### What you will do
Return the data below exactly, but only from the line containing "Measurements: Length from" through the line containing "SECRET PUSH IN", with both of those lines included.

### Items listed in a dataset
----
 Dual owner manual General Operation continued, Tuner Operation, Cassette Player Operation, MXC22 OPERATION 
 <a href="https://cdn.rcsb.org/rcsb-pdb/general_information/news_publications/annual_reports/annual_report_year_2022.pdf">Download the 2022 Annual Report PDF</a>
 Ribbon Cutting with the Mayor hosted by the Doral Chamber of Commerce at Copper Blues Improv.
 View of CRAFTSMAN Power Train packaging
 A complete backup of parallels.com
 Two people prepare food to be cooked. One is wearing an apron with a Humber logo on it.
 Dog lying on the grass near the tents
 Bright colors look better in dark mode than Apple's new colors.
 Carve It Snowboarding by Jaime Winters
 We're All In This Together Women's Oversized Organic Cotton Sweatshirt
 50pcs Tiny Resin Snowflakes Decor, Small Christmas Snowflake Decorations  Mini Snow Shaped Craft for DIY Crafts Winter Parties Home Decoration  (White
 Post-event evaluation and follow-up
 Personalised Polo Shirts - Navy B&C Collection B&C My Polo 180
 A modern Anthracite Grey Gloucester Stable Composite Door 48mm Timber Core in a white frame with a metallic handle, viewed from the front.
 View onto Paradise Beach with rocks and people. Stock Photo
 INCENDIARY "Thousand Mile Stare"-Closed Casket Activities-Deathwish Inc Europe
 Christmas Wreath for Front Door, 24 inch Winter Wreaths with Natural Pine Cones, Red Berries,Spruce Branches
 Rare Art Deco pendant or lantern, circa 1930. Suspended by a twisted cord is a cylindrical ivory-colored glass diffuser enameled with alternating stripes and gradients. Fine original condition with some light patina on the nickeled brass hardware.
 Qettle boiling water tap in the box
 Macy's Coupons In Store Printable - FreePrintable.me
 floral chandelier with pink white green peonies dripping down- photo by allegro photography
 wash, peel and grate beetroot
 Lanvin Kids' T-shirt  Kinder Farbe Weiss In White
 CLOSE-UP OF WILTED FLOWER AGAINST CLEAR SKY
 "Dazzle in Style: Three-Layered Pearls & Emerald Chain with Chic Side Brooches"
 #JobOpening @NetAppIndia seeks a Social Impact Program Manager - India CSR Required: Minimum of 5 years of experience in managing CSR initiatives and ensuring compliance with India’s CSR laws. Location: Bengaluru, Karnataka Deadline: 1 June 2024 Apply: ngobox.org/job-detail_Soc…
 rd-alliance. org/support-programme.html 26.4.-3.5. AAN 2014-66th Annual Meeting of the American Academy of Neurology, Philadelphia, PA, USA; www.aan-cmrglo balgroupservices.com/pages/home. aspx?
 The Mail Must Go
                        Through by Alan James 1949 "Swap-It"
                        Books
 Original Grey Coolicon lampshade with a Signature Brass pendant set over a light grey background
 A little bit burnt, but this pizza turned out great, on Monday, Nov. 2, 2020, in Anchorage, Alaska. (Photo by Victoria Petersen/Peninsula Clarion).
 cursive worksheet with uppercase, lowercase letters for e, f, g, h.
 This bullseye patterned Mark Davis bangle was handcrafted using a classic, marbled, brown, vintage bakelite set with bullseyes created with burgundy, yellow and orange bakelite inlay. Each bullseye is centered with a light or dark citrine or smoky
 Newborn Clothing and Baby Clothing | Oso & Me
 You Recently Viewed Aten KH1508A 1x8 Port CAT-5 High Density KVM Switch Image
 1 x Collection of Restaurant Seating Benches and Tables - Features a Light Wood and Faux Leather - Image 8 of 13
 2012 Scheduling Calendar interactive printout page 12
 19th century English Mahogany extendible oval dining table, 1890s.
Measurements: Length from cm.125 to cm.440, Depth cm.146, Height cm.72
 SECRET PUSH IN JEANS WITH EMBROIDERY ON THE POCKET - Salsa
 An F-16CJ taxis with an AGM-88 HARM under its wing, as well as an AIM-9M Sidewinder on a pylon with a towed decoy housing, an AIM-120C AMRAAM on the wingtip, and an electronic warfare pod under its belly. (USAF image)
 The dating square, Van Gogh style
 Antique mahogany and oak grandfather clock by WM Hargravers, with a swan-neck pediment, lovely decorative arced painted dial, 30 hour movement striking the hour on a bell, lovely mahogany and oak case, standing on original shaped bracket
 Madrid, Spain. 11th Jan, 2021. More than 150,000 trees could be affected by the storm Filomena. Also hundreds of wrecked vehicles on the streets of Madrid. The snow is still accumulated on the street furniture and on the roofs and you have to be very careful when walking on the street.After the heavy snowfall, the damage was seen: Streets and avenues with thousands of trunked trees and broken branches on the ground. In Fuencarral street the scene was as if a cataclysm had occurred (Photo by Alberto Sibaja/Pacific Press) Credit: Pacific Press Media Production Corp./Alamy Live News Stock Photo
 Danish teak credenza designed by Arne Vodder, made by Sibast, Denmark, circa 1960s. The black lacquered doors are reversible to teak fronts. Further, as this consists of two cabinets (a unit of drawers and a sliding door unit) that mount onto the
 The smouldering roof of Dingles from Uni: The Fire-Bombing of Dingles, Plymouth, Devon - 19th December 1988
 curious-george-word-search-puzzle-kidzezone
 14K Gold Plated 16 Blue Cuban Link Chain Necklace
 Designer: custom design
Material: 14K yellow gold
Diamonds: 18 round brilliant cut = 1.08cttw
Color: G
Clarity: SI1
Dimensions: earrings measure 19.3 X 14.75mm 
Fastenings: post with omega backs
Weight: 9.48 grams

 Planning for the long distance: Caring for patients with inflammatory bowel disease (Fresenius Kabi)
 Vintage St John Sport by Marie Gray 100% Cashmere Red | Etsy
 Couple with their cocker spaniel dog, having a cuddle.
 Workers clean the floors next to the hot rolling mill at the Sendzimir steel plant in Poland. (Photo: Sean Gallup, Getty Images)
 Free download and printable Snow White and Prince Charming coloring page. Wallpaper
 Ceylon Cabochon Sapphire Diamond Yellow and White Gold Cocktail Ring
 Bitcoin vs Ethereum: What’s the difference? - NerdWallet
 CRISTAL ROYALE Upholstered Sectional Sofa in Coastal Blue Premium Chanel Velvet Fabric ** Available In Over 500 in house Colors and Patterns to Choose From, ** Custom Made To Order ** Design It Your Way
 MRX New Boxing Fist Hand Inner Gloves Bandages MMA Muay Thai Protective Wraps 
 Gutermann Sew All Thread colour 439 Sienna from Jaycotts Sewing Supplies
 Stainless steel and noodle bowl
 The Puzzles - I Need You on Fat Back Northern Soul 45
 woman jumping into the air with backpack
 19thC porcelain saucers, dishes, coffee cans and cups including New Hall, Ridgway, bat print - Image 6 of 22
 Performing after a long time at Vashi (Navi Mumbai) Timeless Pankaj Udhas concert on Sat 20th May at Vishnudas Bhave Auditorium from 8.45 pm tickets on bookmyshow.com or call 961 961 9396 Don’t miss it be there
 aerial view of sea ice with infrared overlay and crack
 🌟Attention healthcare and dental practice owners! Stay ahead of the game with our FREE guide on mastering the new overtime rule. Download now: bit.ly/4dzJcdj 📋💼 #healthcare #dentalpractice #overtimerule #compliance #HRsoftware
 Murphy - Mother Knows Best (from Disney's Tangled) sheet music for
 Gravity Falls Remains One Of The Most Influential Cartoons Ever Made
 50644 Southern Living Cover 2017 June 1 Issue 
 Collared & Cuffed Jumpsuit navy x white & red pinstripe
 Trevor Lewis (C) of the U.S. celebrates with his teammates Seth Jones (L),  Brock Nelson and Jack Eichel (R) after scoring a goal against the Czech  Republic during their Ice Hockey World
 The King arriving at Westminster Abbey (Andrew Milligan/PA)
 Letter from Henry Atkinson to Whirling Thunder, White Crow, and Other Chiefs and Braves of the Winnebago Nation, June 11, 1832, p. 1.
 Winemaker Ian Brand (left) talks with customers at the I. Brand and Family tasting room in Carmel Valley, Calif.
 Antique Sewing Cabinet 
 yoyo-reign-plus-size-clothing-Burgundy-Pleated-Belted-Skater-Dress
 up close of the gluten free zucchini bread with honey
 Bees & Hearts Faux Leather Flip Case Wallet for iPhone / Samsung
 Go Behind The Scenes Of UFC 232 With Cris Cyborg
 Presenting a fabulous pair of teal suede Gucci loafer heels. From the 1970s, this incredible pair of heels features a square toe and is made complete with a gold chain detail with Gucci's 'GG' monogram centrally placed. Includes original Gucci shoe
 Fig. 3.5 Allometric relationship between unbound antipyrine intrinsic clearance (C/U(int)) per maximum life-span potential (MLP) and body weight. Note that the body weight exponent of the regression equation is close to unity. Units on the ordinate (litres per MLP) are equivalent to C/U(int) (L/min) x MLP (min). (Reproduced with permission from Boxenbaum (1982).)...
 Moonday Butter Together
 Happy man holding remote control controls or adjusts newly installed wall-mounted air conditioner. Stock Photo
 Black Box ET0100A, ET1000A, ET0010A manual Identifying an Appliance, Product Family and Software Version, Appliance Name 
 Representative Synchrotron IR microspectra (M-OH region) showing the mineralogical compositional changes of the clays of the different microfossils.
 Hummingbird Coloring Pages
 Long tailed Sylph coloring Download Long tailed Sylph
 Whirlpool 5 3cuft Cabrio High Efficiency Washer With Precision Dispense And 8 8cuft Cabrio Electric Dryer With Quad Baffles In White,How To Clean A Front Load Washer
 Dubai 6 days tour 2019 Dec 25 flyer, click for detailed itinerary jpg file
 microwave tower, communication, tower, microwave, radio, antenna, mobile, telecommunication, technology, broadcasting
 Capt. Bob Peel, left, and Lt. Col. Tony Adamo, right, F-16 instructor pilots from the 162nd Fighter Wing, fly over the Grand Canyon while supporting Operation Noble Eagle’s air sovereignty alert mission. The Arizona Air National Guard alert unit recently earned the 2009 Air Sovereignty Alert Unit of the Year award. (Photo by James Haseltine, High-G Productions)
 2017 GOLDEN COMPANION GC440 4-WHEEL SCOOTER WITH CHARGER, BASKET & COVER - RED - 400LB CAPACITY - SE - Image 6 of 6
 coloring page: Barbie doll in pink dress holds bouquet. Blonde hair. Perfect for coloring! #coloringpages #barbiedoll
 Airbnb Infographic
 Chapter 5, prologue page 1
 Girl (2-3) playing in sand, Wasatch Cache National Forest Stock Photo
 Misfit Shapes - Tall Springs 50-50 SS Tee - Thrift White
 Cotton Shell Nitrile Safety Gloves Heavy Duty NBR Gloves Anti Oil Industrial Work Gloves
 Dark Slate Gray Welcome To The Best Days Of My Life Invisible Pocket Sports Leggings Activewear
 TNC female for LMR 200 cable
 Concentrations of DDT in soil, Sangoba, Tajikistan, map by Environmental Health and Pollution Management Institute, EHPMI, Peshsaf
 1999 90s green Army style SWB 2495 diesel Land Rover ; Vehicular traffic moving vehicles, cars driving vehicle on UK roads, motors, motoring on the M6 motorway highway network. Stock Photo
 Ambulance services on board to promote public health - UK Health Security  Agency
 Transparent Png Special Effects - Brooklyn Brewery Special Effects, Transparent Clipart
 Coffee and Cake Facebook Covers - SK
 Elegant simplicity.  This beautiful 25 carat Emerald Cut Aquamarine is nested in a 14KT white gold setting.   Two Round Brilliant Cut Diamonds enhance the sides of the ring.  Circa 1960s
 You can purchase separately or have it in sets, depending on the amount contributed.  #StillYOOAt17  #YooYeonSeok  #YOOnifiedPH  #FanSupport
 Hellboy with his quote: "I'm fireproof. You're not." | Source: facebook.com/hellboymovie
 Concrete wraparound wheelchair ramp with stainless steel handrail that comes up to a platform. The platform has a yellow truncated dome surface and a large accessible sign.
----
### Response area
Measurements: Length from cm.125 to cm.440, Depth cm.146, Height cm.72
 SECRET PUSH IN JEANS WITH EMBROIDERY ON THE POCKET - Salsa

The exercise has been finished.